Current cancer research makes use primarily of DNA microarrays in which an arrayed series of microscopic spots of pre-defined DNA oligonucleotides known as probes are covalently attached to a solid surface such as glass, forming what is known as a gene chip. DNA labeled with fluorophores (target) is prepared from a sample such as a tumor biopsy and is hybridized to the complementary DNA (cDNA) sequences on the gene chip. The chip is then scanned for the presence and strength of the fluorescent labels at each spot representing probe-target hybrids. The level of fluorescence at a particular spot provides quantitative information about the expression of the particular gene corresponding to the spotted cDNA sequence. DNA microarrays evolved from Southern blotting which allows for detection of a specific DNA sequence in a sample of DNA.
Due to lowering costs, RNA-Sequencing is becoming more common as a method for cancer gene expression profiling. It is superior to microarray techniques due to not having the bias inherent in probe selection.
Classification of cancers has been dominated by the fields of histology and histopathology which aim to leverage morphological markers for accurate identification of a tumor type. Histological methods rely on chemical staining of tissues with pigments such as haematoxylin and eosin and microscopy-based visualization by a pathologist. The identification of tumor subtypes is based on established classification schemes such as the International Classification of Diseases published by the World Health Organization which provides codes to classify diseases and a wide variety of signs, symptoms, abnormal findings, complaints, social circumstances, and external causes of injury or diseases. For some types of cancer, these methods are unable to distinguish between subclasses; for example, defining subgroups of diffuse large B-cell lymphoma (DLBCL) have largely failed due to discrepancies between inter- and intra-observer reproducibility. [1] Furthermore, the clinical outcomes of tumors classified as DLBCLs is highly variable [1] suggesting that there are multiple subtypes of DLBCL that cannot be distinguished based on these histological markers.
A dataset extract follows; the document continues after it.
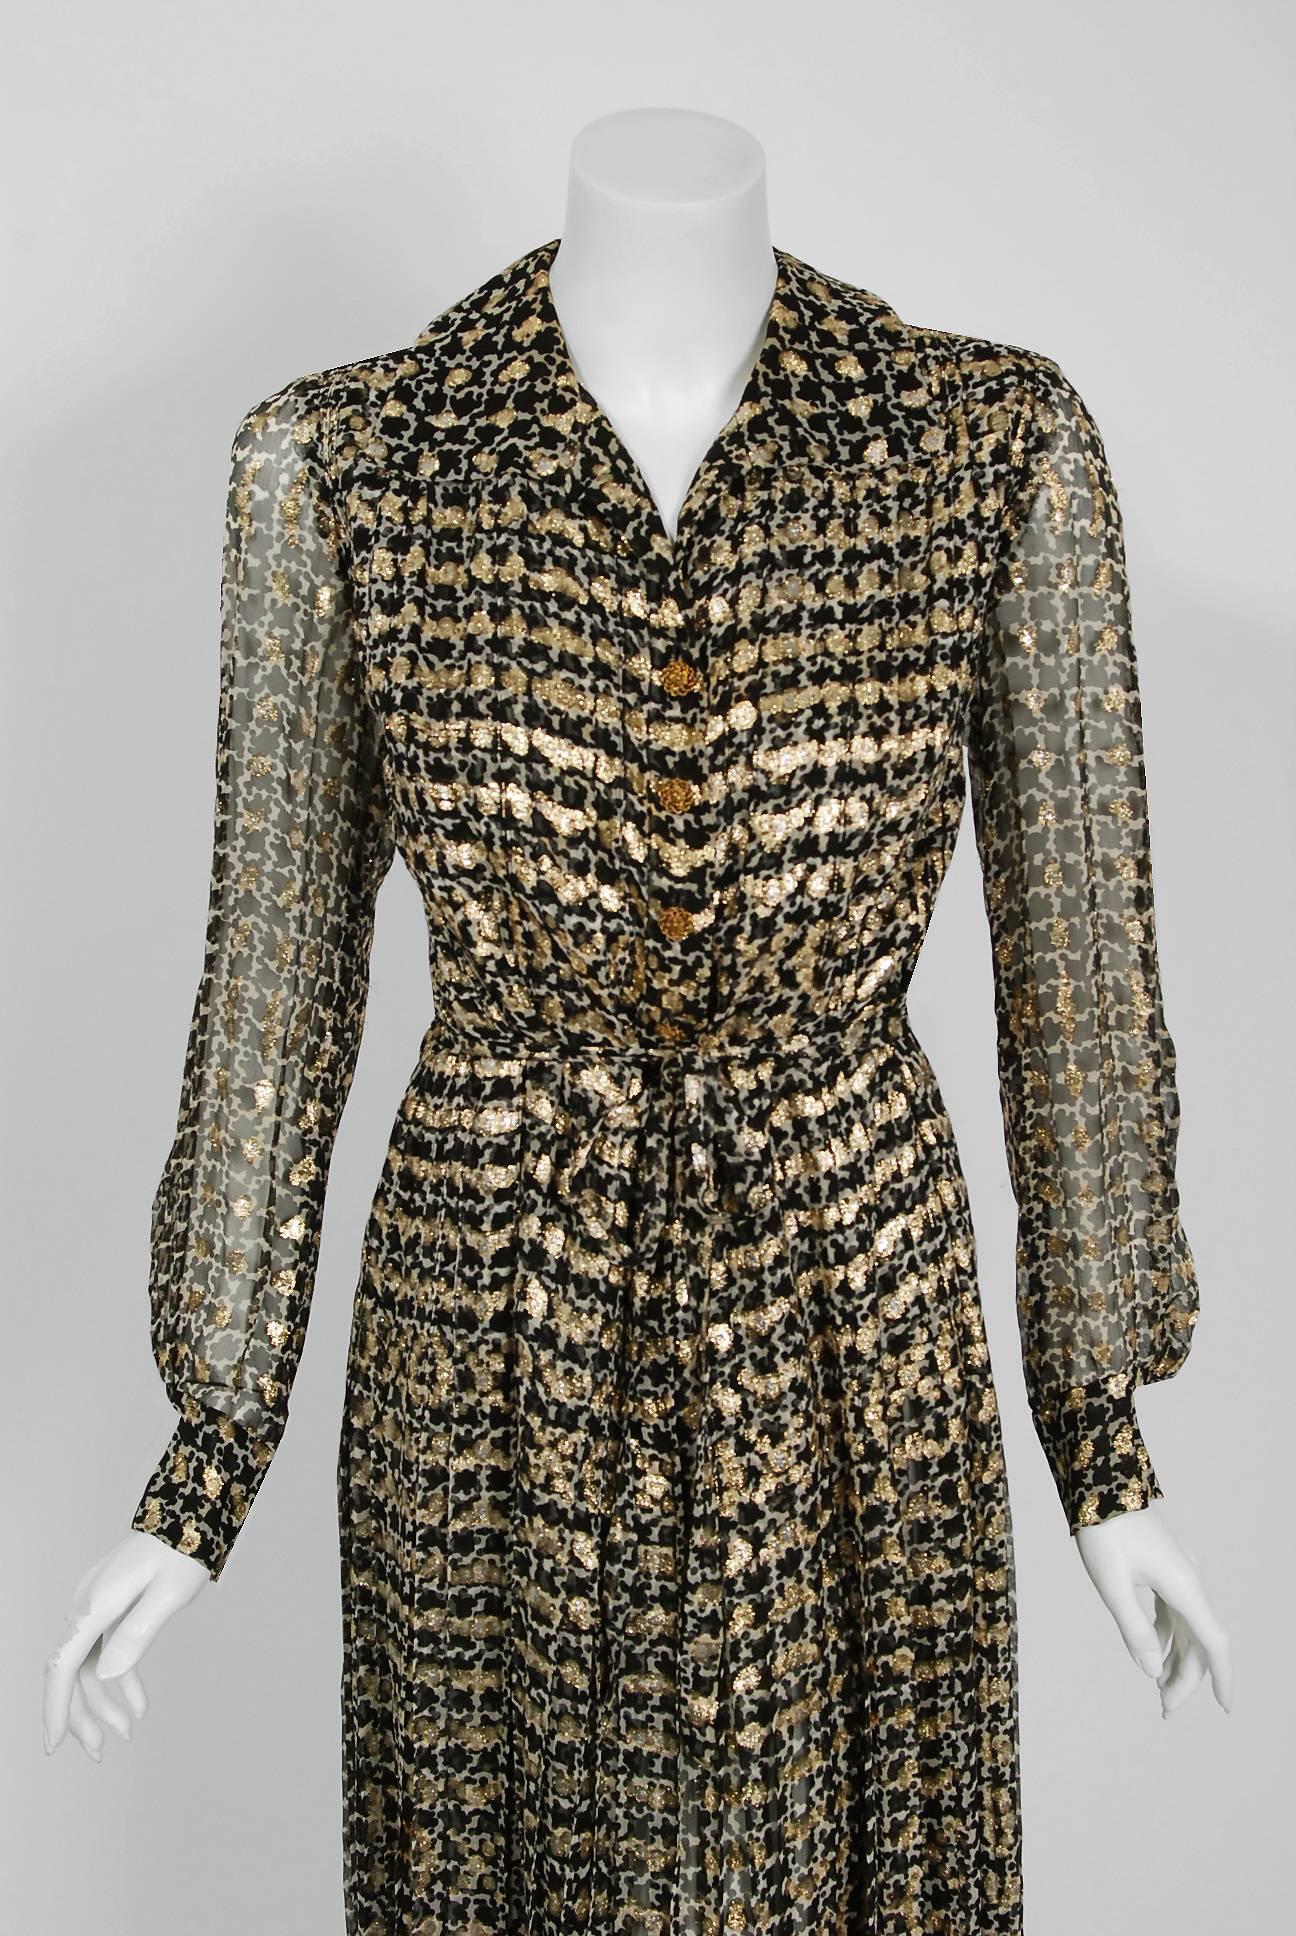 Chanel is known to be one of the most luxurious and decadent fashion houses in the world. This breathtaking metallic-gold graphic black and white silk dress from her 1975 Fall/Winter collection is a perfect example of why this couture brand has

Breast tumor classification too has largely failed based on these predictors. [2] Development of effective therapies depends on accurate diagnosis; additionally, poor diagnosis can lead to patient suffering due to needless side-effects from non-targeted treatments and to increased health care expenditure. Most telling perhaps is that 70-80% of breast cancer patients receiving chemotherapy based on traditional predictors would have survived without it. [3] [4]
Of note, similar gene expression patterns associated with metastatic behaviour of breast cancer tumor cells have also been found in breast cancer of dog, the most common tumor of the female dog. [5] [6]
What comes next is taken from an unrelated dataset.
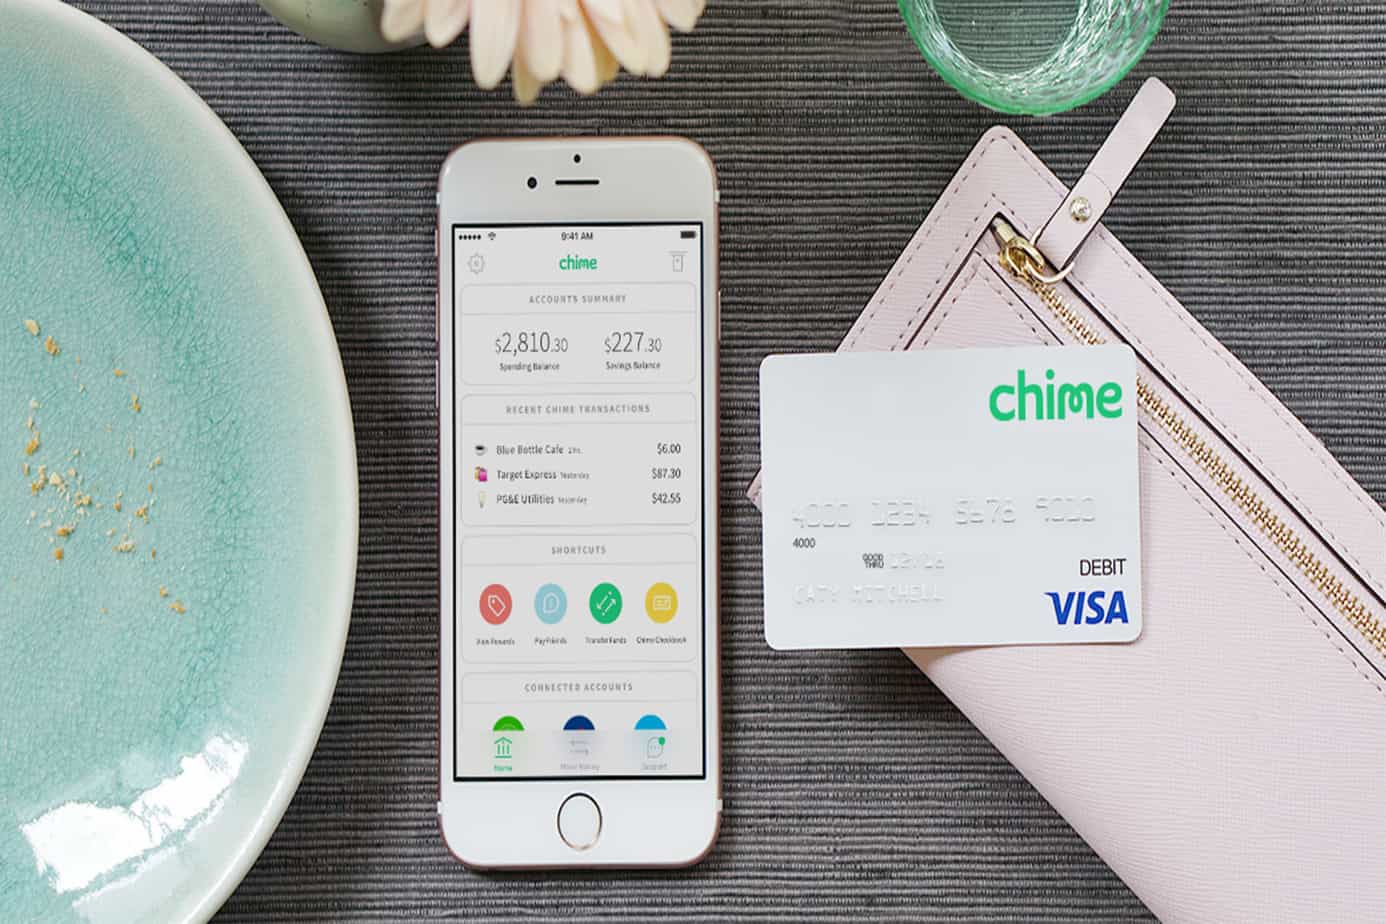 How Do You Order Chime Card

Presented below are ways that gene expression profiling has been used to more precisely classify tumors into subgroups, often with clinical effect.
In a particular type of cell or tissue, only a small subset of an organism's genomic DNA will be expressed as mRNAs at any given time. The unique pattern of gene expression for a given cell or tissue is referred to as its molecular signature. For example, the expression of genes in skin cells would be very different compared to those expressed in blood cells. Microarray analysis can provide quantitative gene expression information allowing for the generation of a molecular signature, each unique to a particular class of tumor. This idea was first shown experimentally [7] in 2000 by researchers at Stanford University published in Nature Genetics . The authors measured the relative expression of 9,703 human cDNAs in sixty cancer cell lines previously studied and characterized by the National Cancer Institute's Developmental Therapeutics Program. A hierarchical clustering algorithm was used to group cell lines based on the similarity by which the pattern of gene expression varied. In this study by Ross et al., the majority of cell lines with common organs of origin (based on information from the National Institutes of Health) clustered together at terminal branches, suggesting that cancer cells arising from the same tissue share many molecular characteristics. This allows for reliable identification of tumor type based on gene expression.
A more powerful result of gene expression profiling is the ability to further classify tumors into subtypes having distinct biological properties and affect prognoses. For example, some diffuse large B-cell lymphomas (DLBCLs) are indistinguishable based on histological methods yet are clinically heterogeneous: 40% of patients respond well and exhibit prolonged survival while the remaining 60% do not. [8]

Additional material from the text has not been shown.